The full listing, returned exactly and free of pictures, is the expected answer.

*DATA PROVIDED*.
▬▬▬▬▬▬
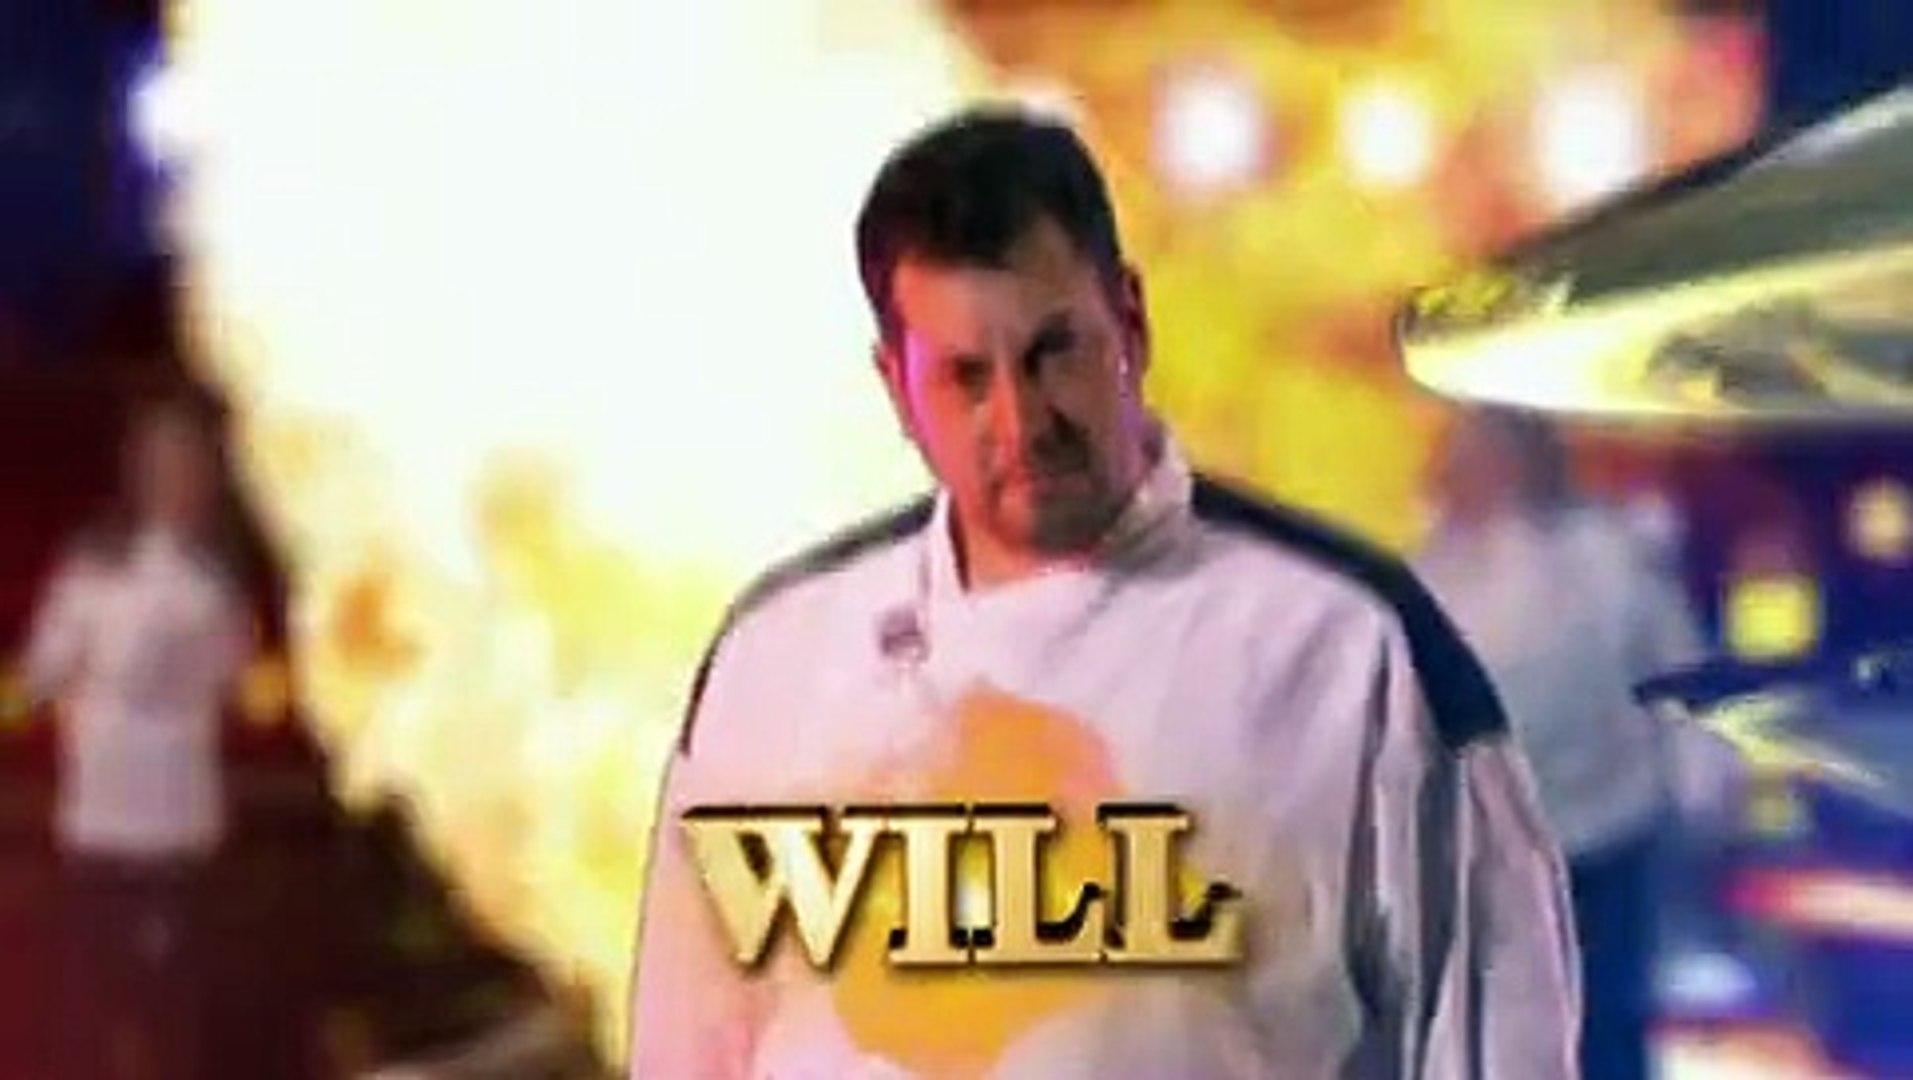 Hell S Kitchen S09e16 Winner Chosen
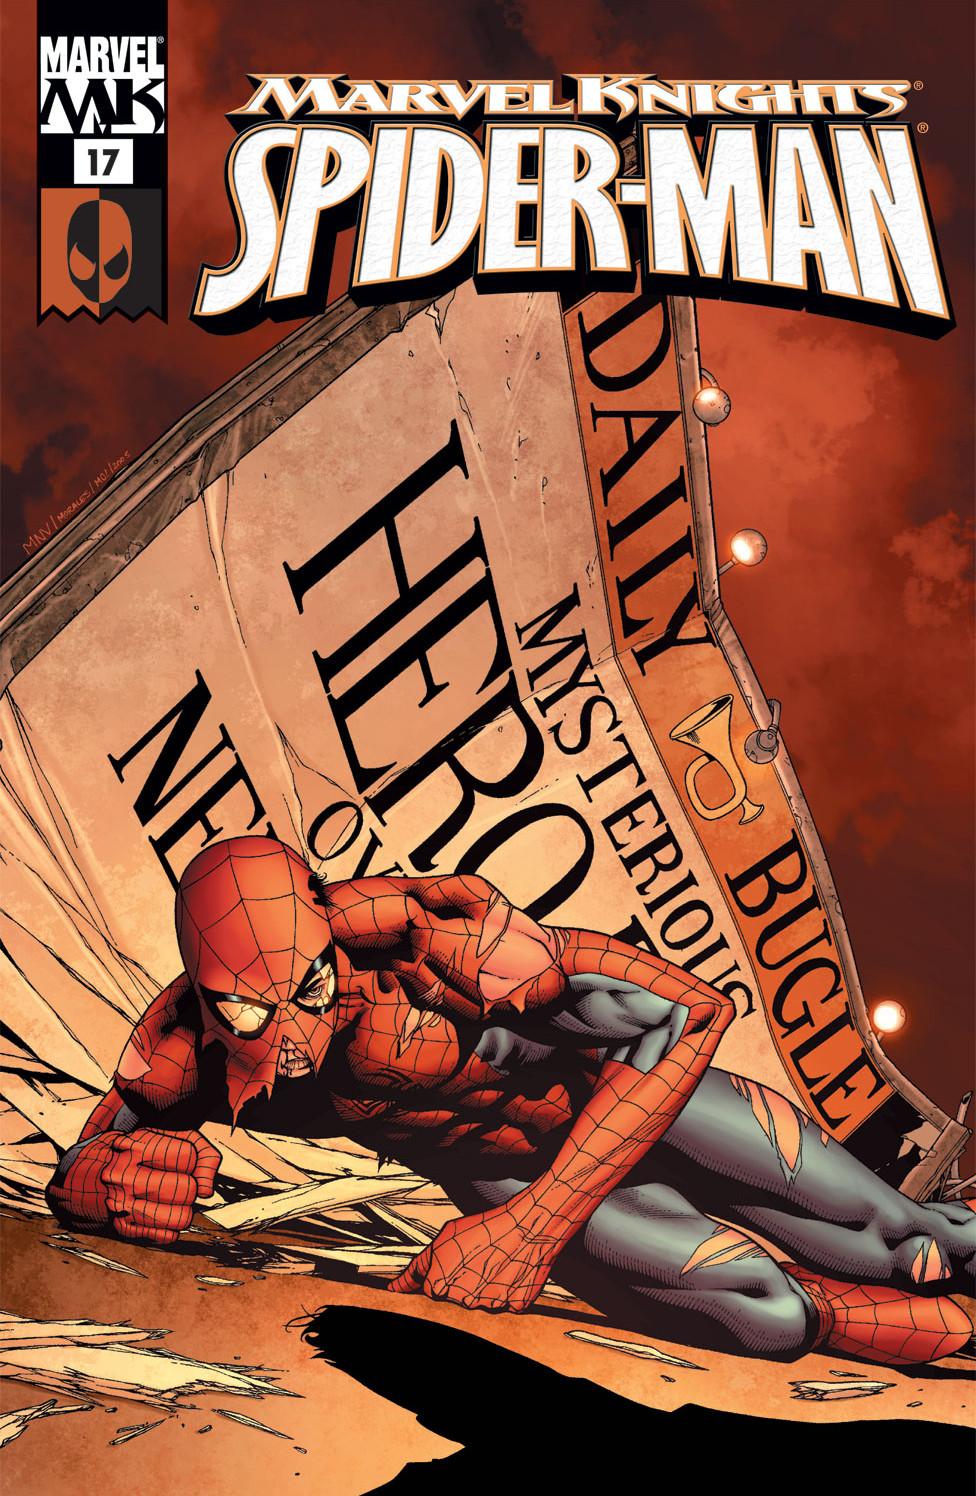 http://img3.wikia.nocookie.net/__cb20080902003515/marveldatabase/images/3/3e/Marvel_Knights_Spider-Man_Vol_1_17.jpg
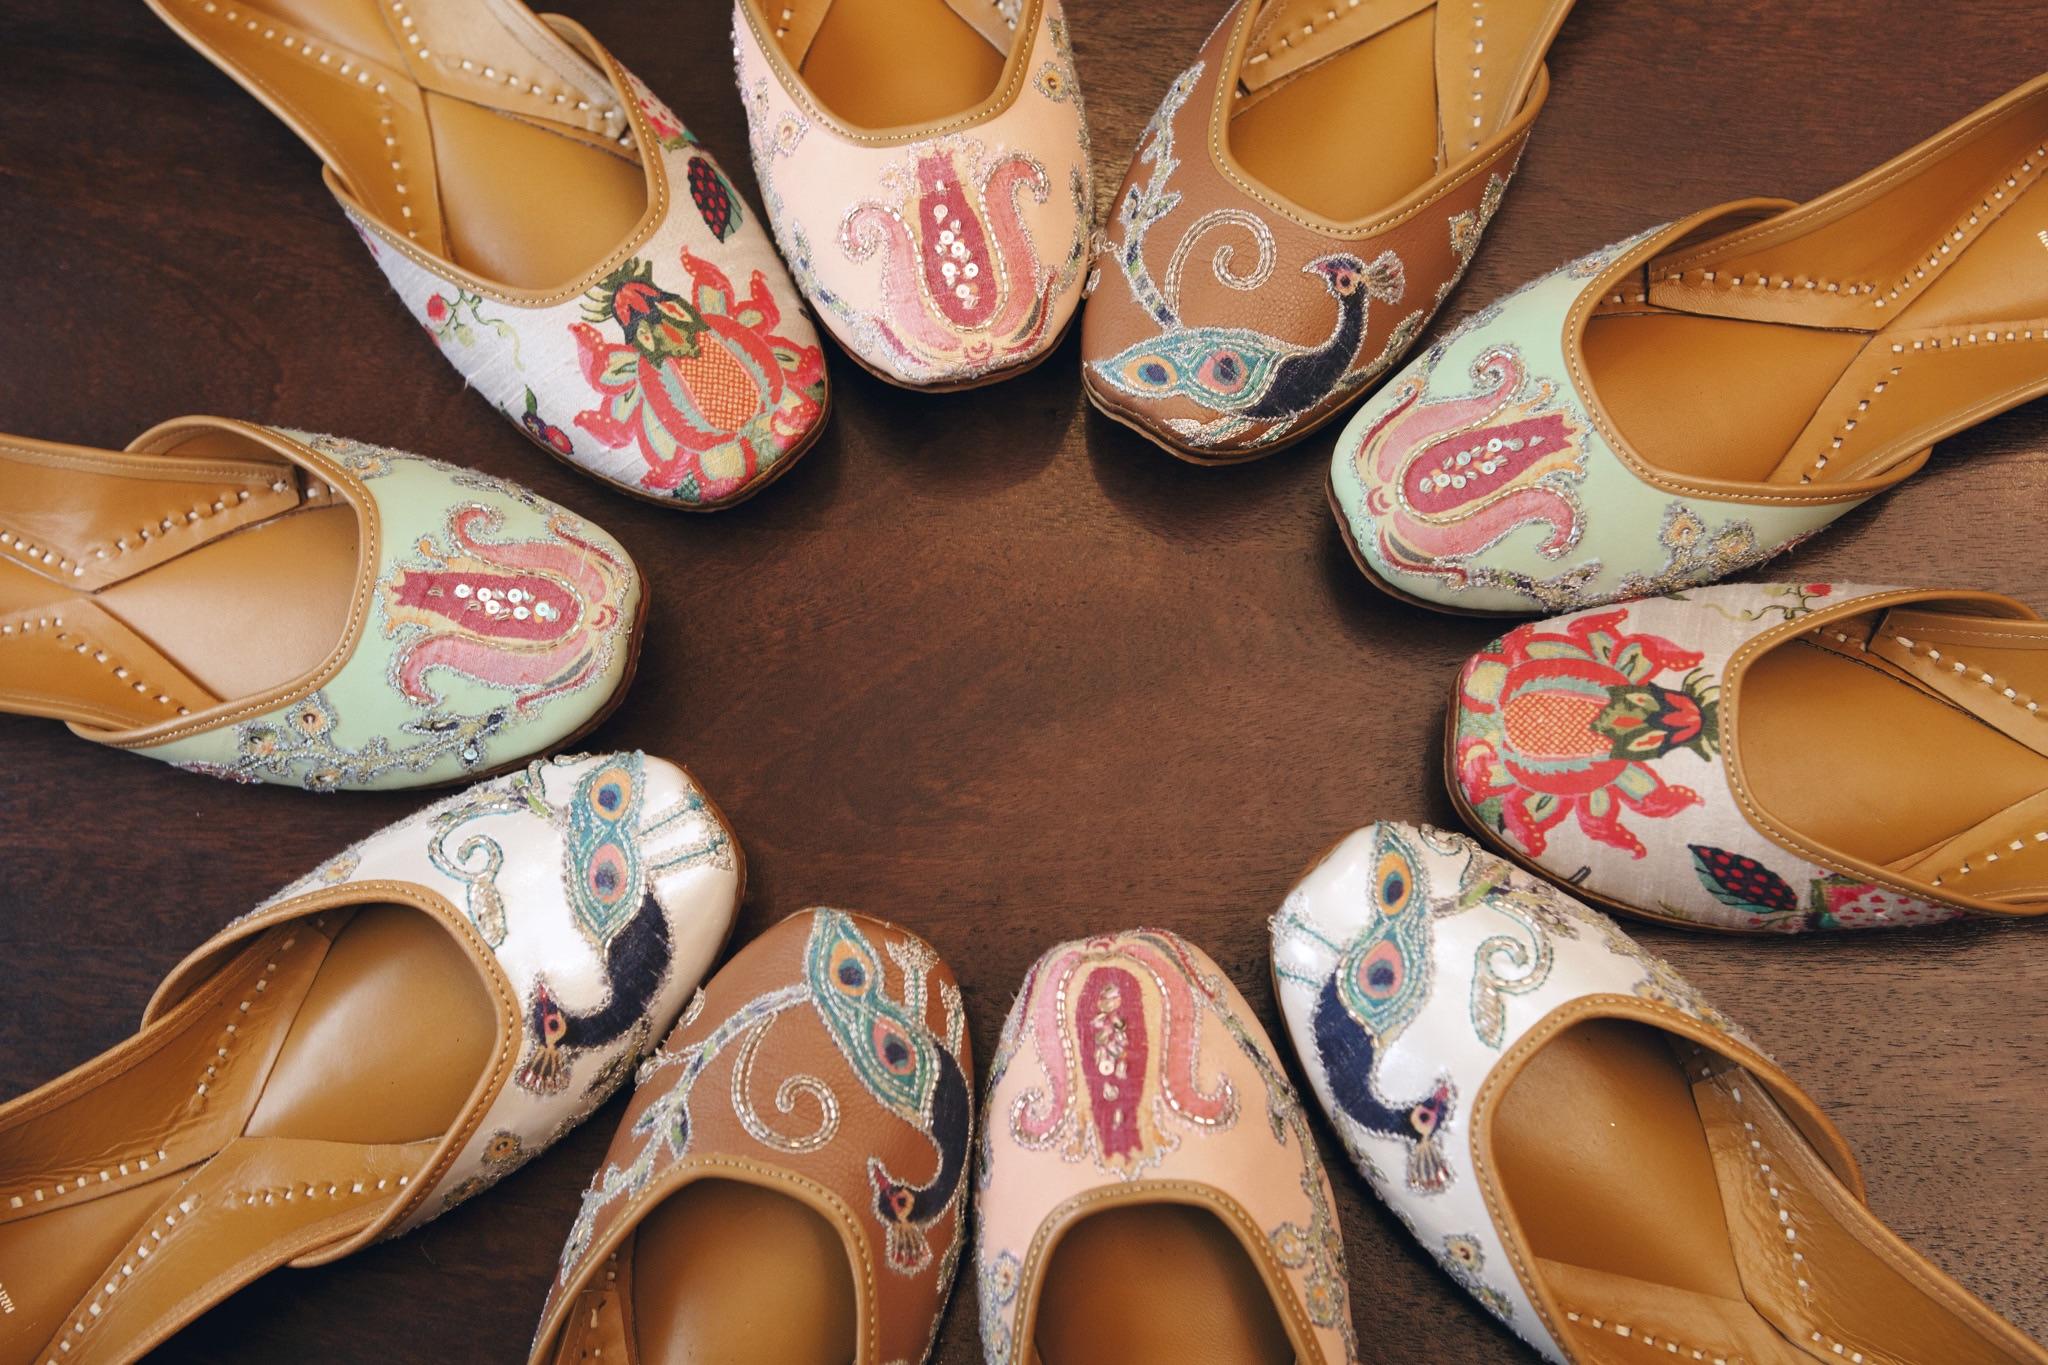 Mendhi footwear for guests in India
▬▬▬▬▬▬
*EXERCISE RESPONSE*.
 Hell S Kitchen S09e16 Winner Chosen
 http://img3.wikia.nocookie.net/__cb20080902003515/marveldatabase/images/3/3e/Marvel_Knights_Spider-Man_Vol_1_17.jpg
 Mendhi footwear for guests in India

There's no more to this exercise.